What you return must be the full listing, word for word, with no images in it.
Data segment Block Start
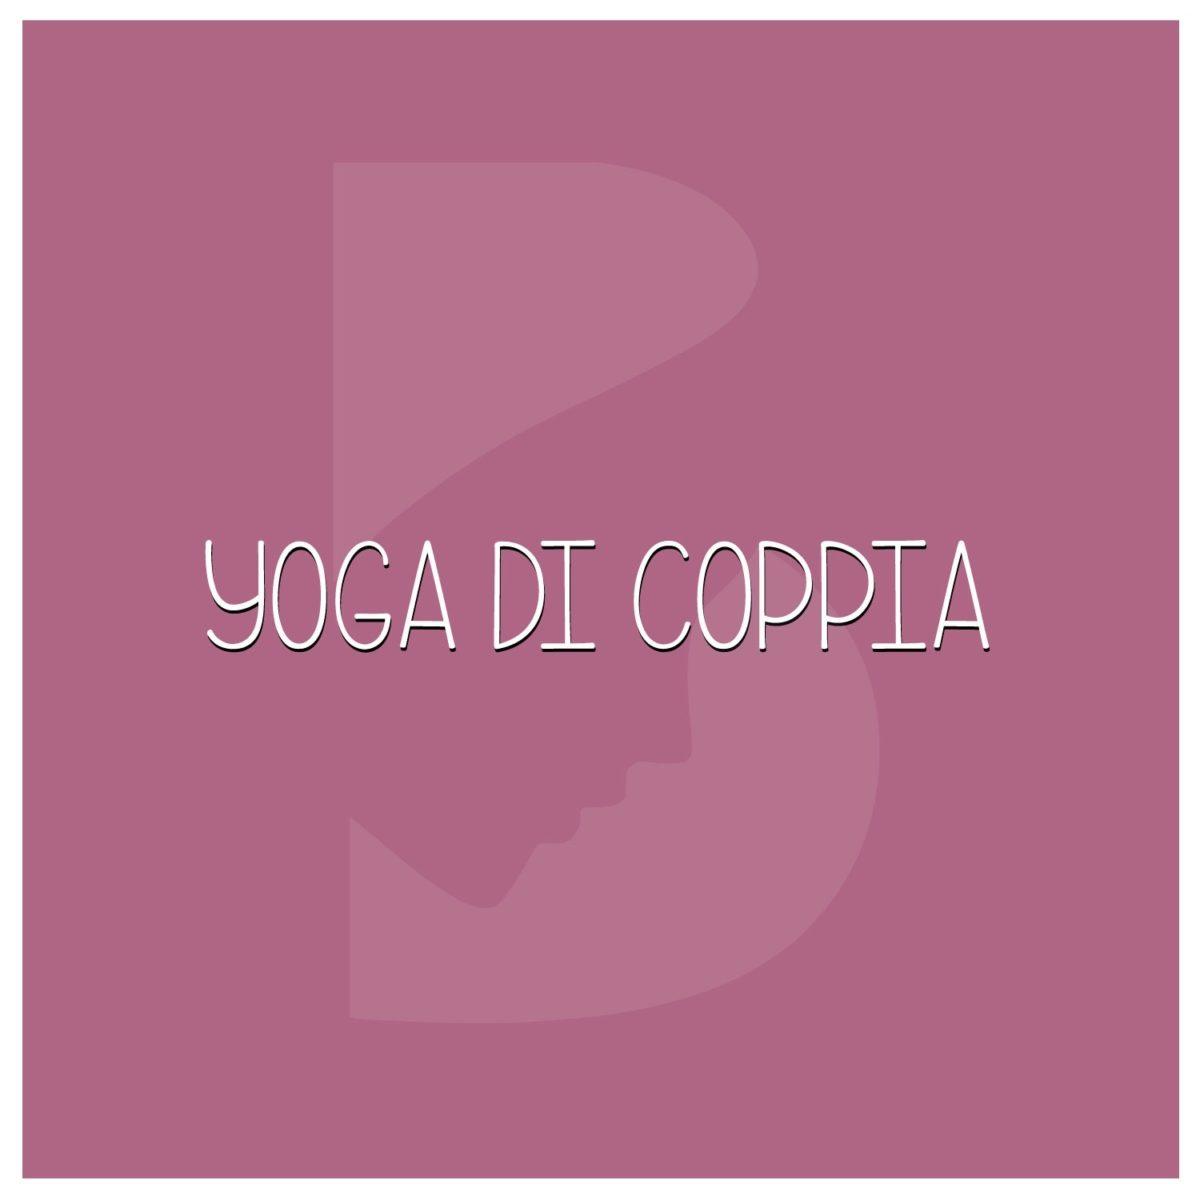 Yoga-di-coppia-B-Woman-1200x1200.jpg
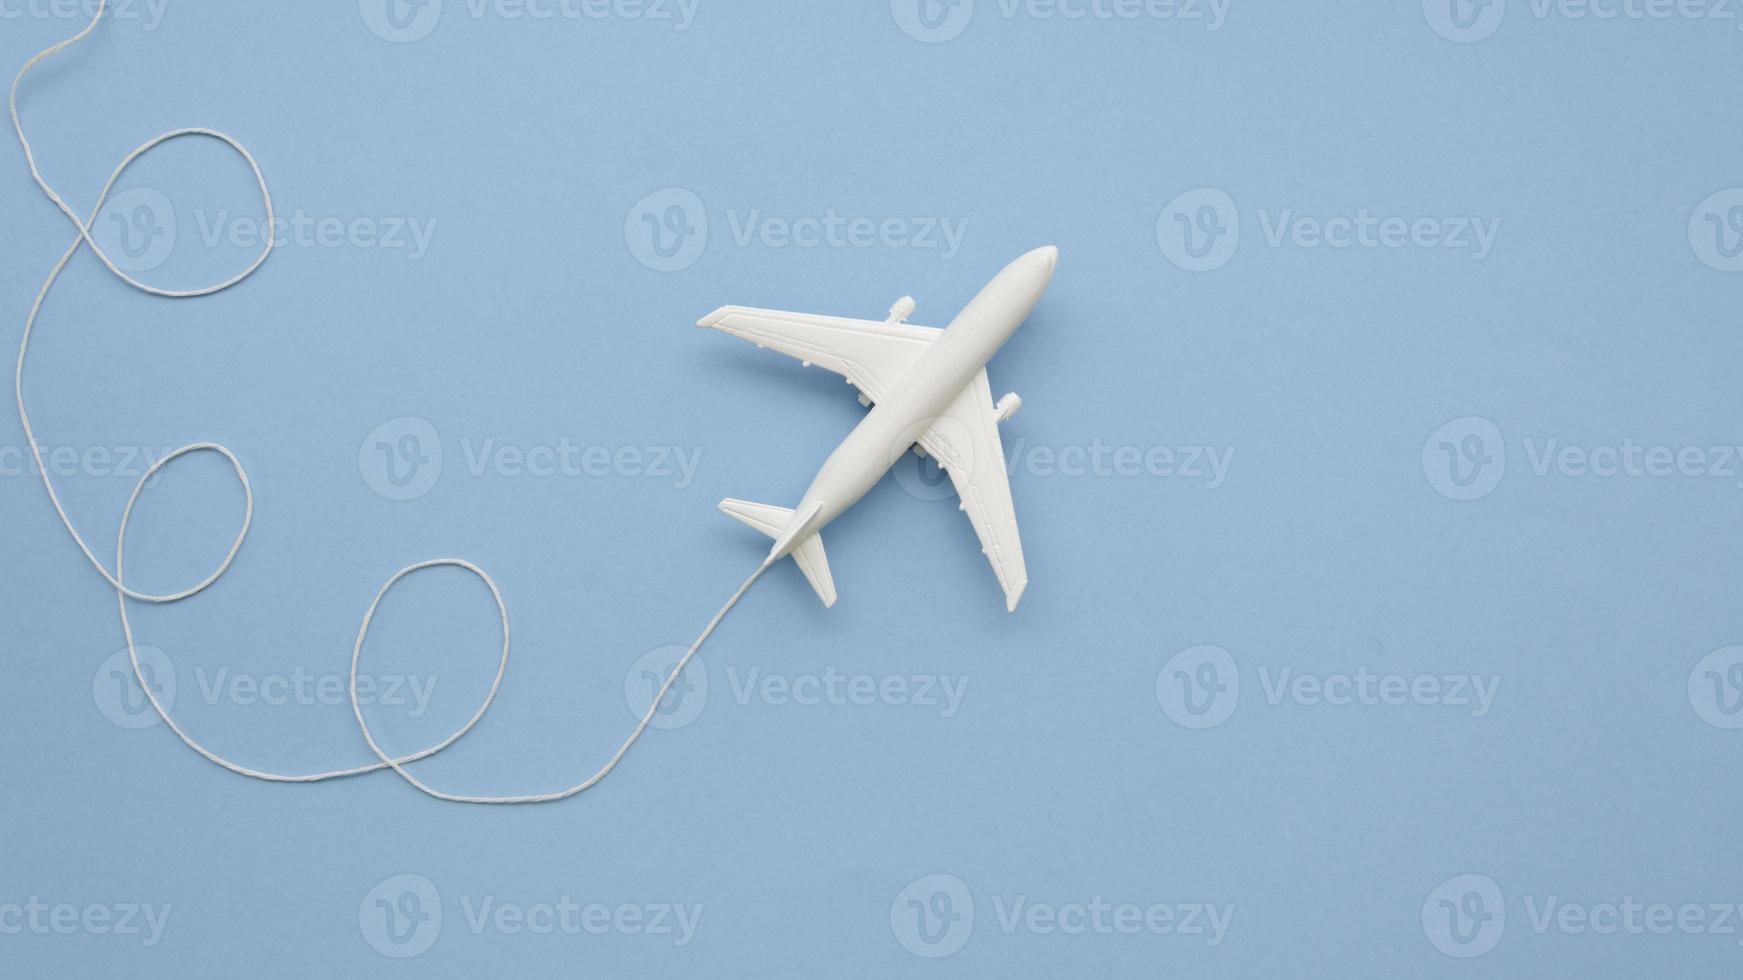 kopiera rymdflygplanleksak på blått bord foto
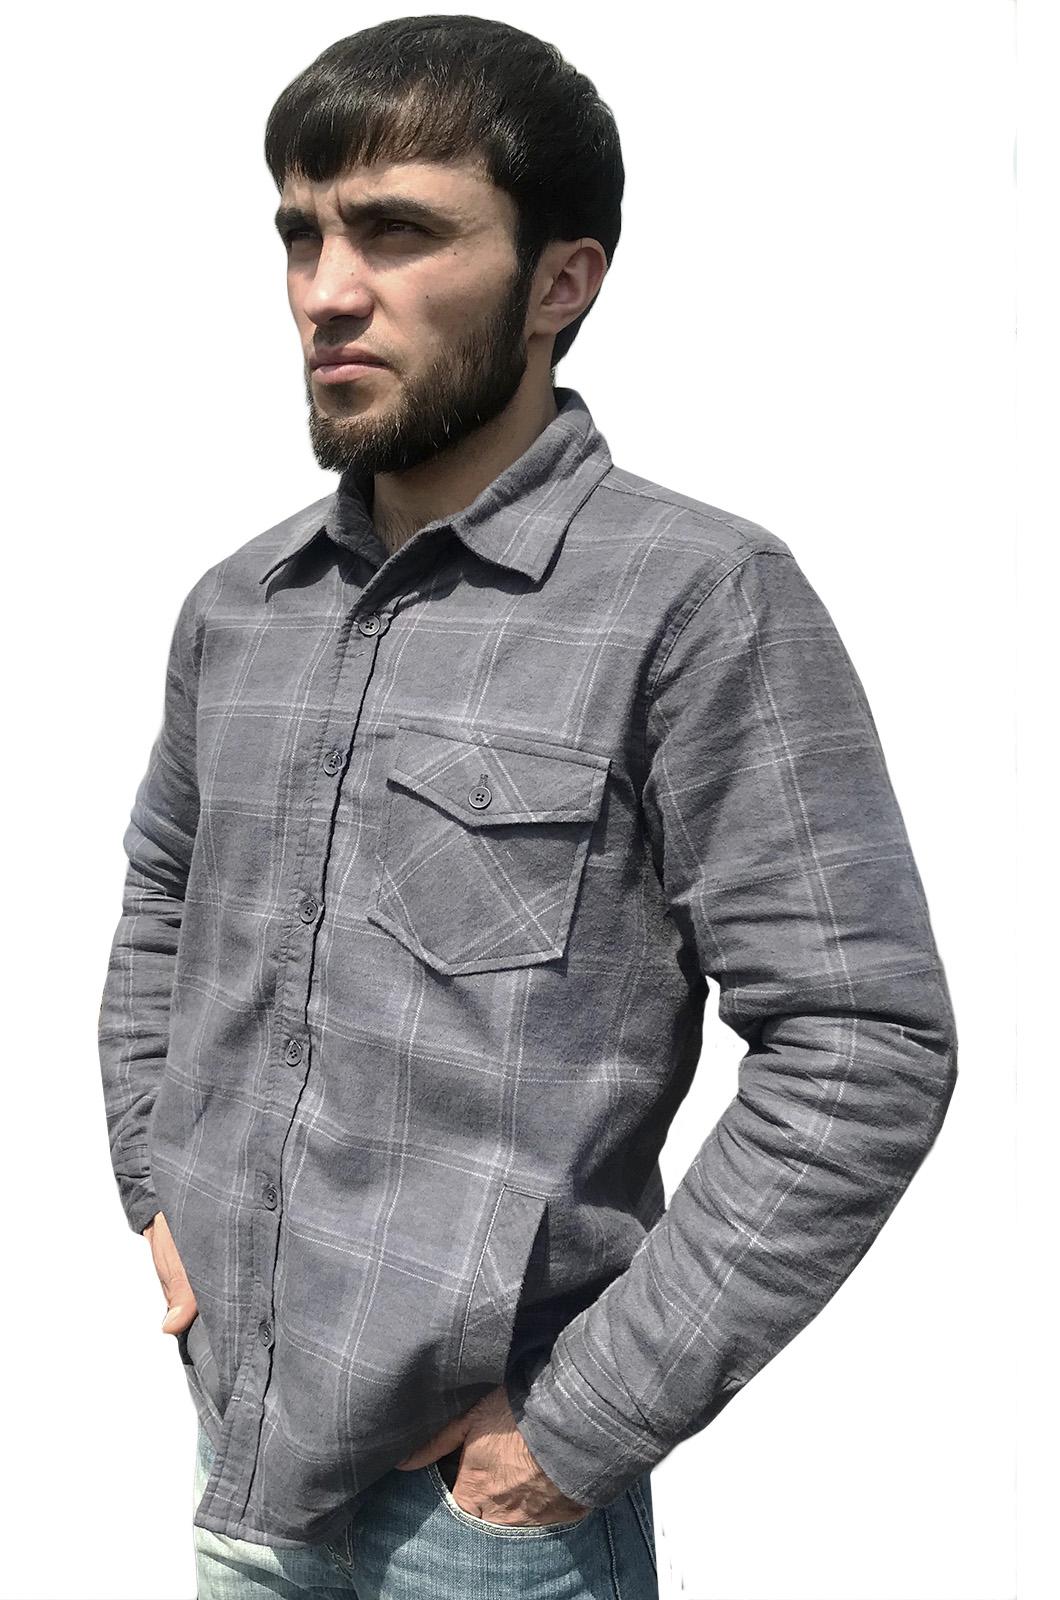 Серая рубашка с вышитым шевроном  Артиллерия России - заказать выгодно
Data segment Block End
▶ _Completed task_:
 Yoga-di-coppia-B-Woman-1200x1200.jpg
 kopiera rymdflygplanleksak på blått bord foto
 Серая рубашка с вышитым шевроном  Артиллерия России - заказать выгодно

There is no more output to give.